You, ladies and gentlemen, and no doubt hundreds of others throughout his 45 year career, have greatly benefited from Brian’s innate ability to teach. Teaching was in his DNA. He loved operations. But in my own opinion, he loved teaching, his students and IWP much more.

You could see it 25 years ago when I first worked for him when he was Chief of the Illegals Branch in CIC and then a few years later when he became chief of a branch that coordinated double agent operations.  In fact, he became the community’s expert on Illegals worldwide.

He trained and mentored dozens of CI officers and young career trainees both by giving career advice and by tutoring them in the arcane mysteries of counterintelligence operations, even while assigned to operational entities.

He trained his officers in his illegals branch so well that one KGB defector who had been an Illegals Support Officer remarked in one of his books how impressed he was with the questions he was asked by Brian’s officers.

I was present at many of Brian’s innumerable briefings he gave on Soviet illegals and other subjects. His presentations, courses, and briefings were always highly rated and very well received.

He was the main factor in the unmasking of the highest-ranking US government employee ever to spy for the Soviet Union, Felix Bloch.

How did he do that? Much is still classified, but it was accomplished through literally years of dogged  persistence, intimate knowledge of the target, the luck of having a few enlightened bosses who believed in him, and alert surveillance teams.

He was well respected, well liked, and had an extraordinary range of contacts in the US CI community.

The people who worked for him genuinely liked working for him, and he treated them very well.

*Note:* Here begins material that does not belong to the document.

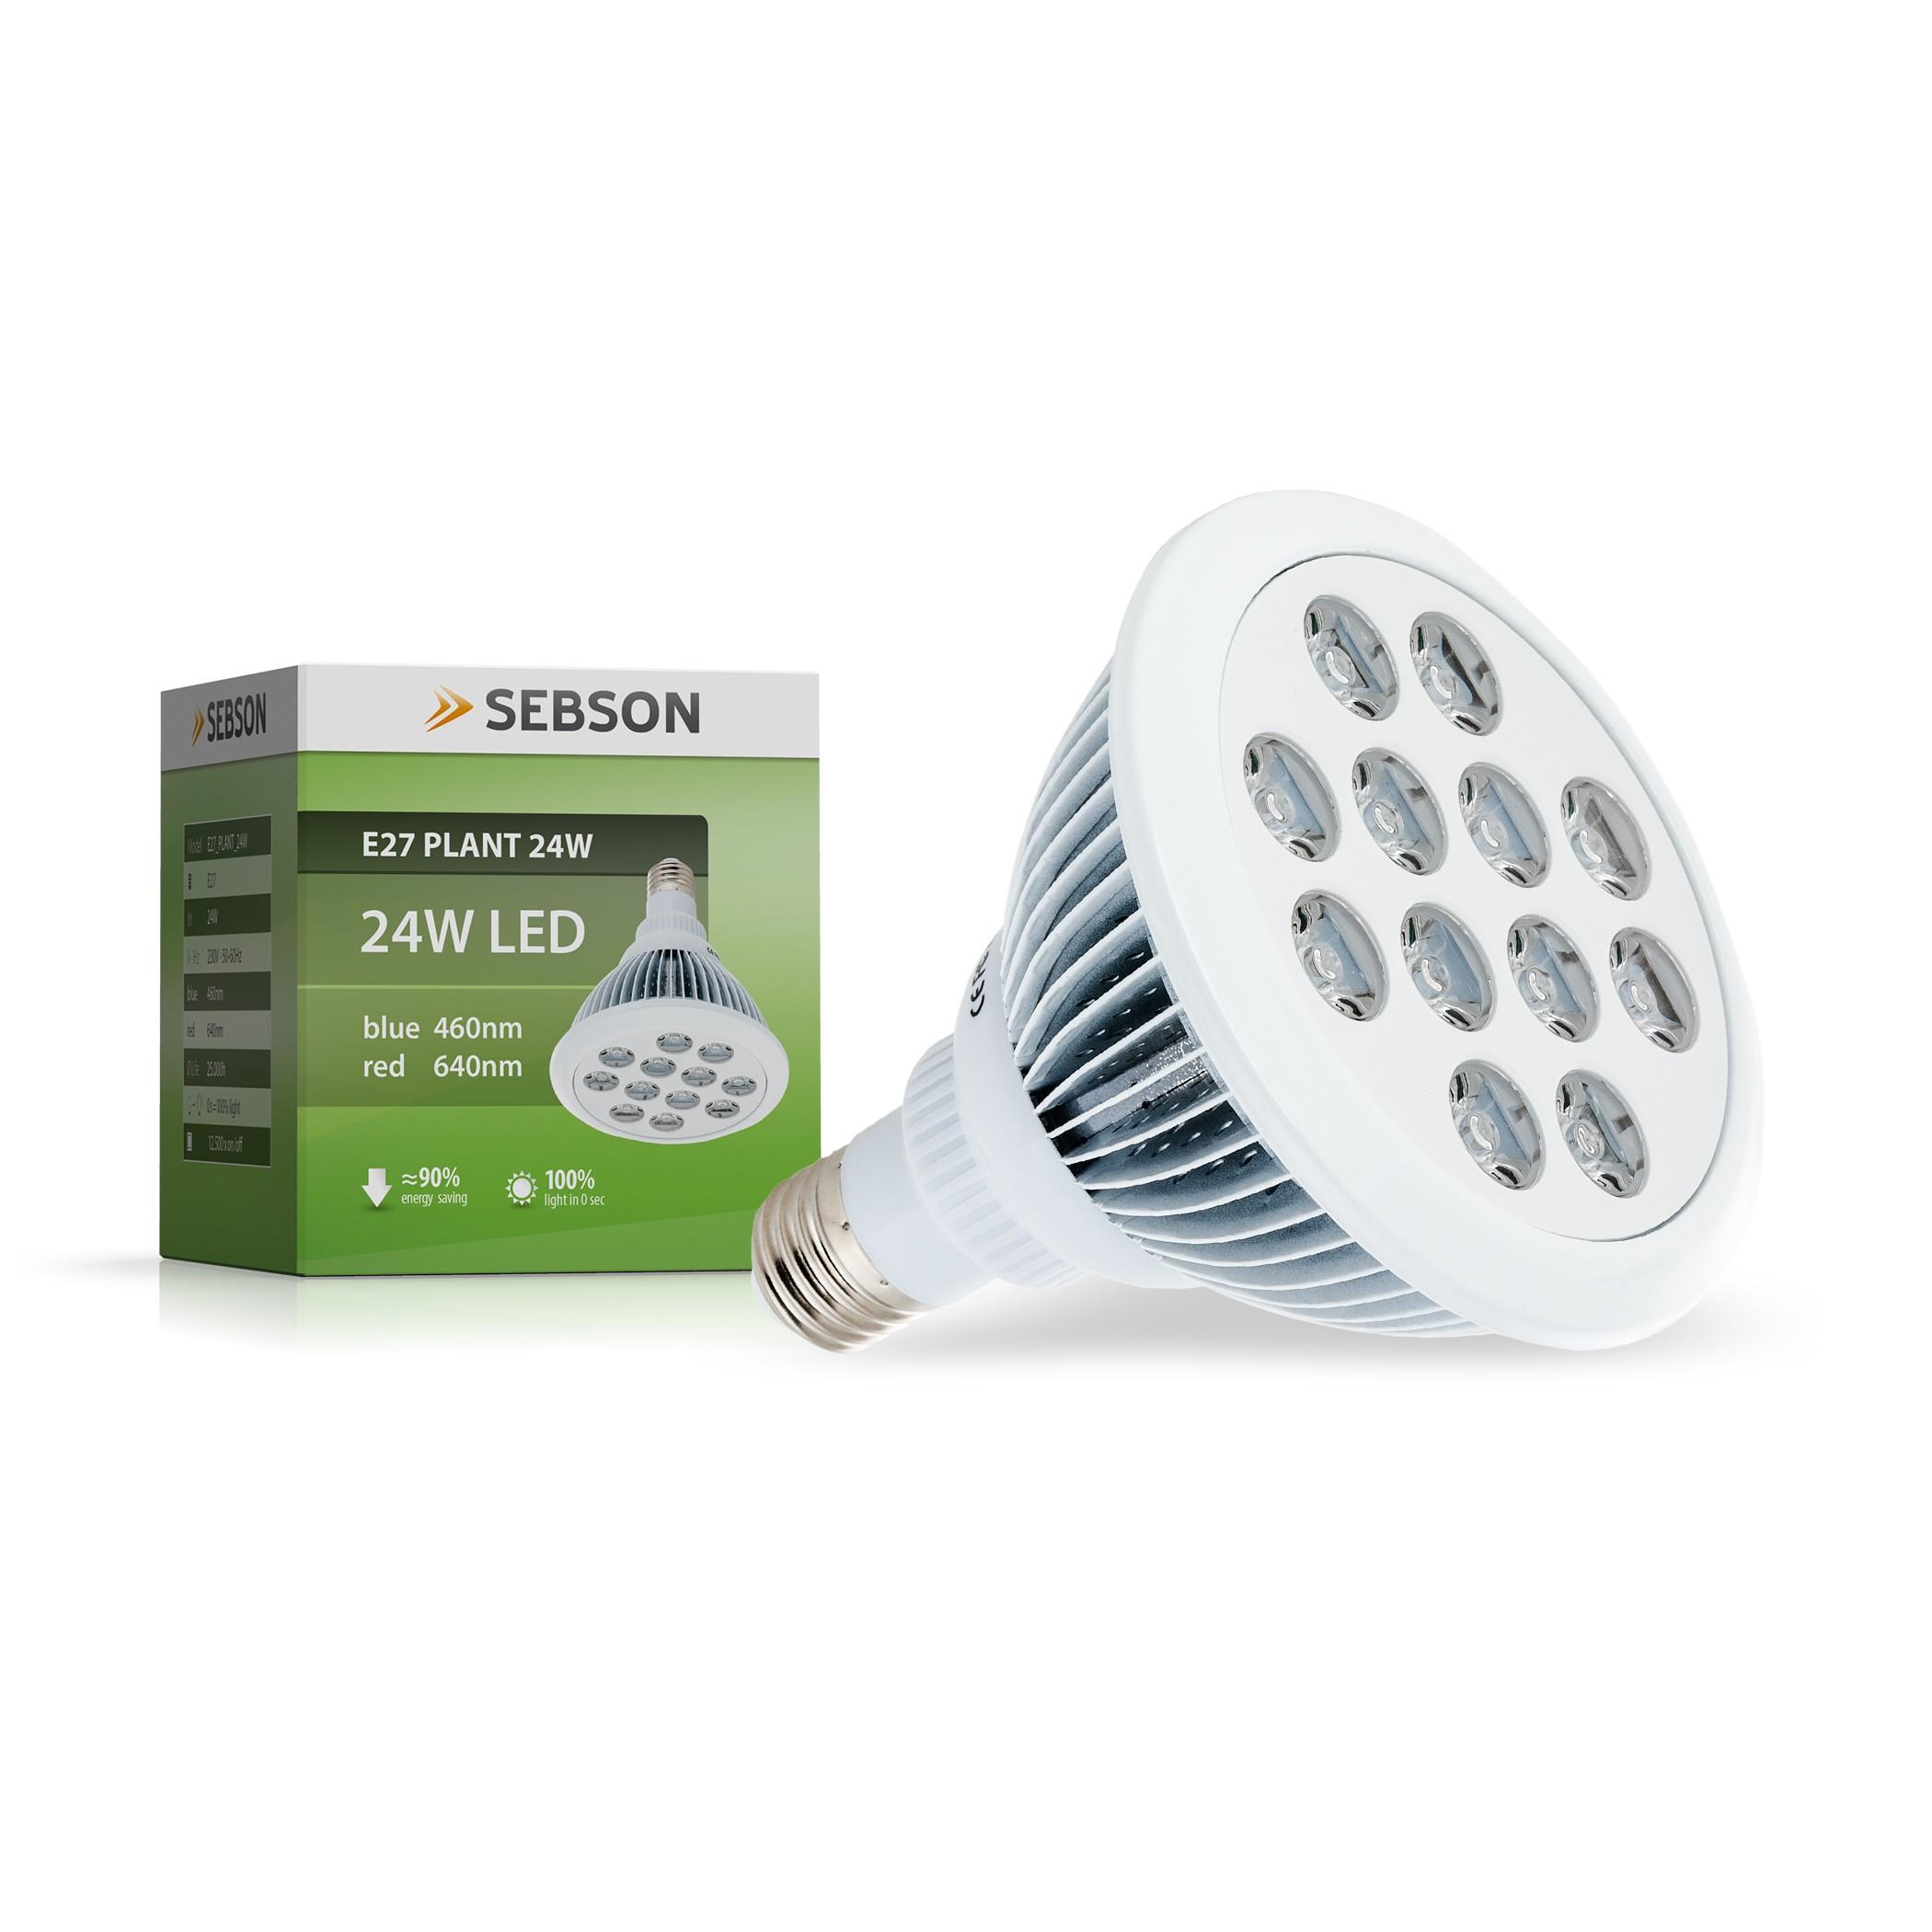 Pflanzenlampe E27 24W

People clamored to work for him, and that is no exaggeration.

There were over 250 people at his retirement ceremony (which was held one year after he retired).  In attendance were the ADDO for CI and other senior Agency officials.

You have all heard the adage, “Those who can’t teach.”

In short, Brian is absolute proof that  “Those who can DO teach.”

This plaque shows IWP and its students were and still are impressed with Brian’s highly successful 45 year career in CI, his ability to make counterintelligence come alive, and above all his ability to motivate a good number of you to seriously consider a career in counterintelligence.  That is one of the highest compliments you can pay a teacher.  You have shown that Brian’s service to you, to IWP, and to the country was extraordinary.

So on behalf of Brian, and as a colleague, friend and co-worker, I would like to thank the IWP Alumni Association for a fitting and lasting tribute to an exceptional teacher. Thank you very much.